2017 Caravan Travels - with Charley

Our trip this year began last Tuesday with our caravan all loaded up, the car newly serviced and everything set up for an expedition to warmer climes to the north of Australia. With our Border Collie dog, Charley with us we headed north from Hastings in Victoria and had our first overnight stop at Deniliquin in New South Wales.

Next day was warmer after a very chilly night and gradually throughout the drive the sky cleared and in mid afternoon we arrived at Ivanhoe (central-west NSW). Now we were in typical outback territory - very flat landscape and ochre coloured soil. We checked in at the small caravan park that we had stayed in several years ago hoping to continue north to Whitecliffs. That time we had heavy rain and the road was closed which meant a very long drive back to Hay and then over to join the Kidman Way to go north.

This time we were luckier - no rain! Not long after we set up, another van pulled in and of course we had a chat with Sully and Wendy - also retirees enjoying their travels. Sully had worked on the railways and liked a beer and a talk.

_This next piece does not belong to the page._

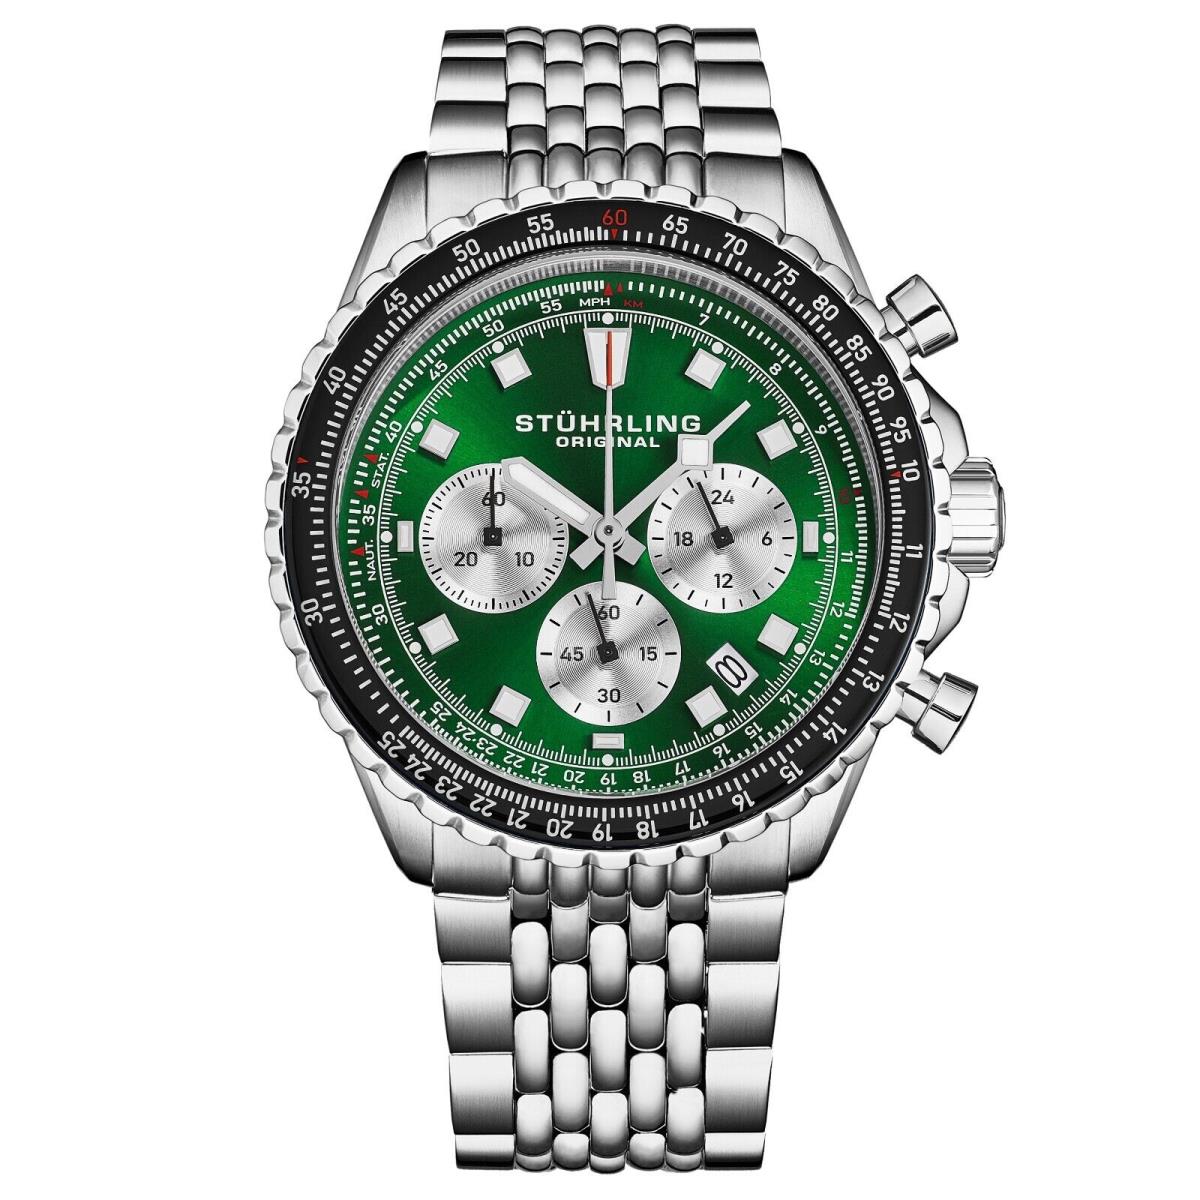 Stuhrling Japanese Chronograph Raceway 1010 44mm Stainless Steel Quartz Watch - Dial: Green, Band: Silver, Bezel: Black

Over the road we went to the local pub for dinner that night - fantastic fish and chips, so a good start to our trip.

Next day, Sully and Wendy headed off to Menindee Lakes and we continued north to Wilcannia. We have stopped here for a couple of nights as we have a great spot by the Darling River with wide open spaces and plenty of room for Charley to run around  without a lead. There are some very old, massive river gums here, but with signs saying 'Limbs may fall' we have been careful not to park beneath them.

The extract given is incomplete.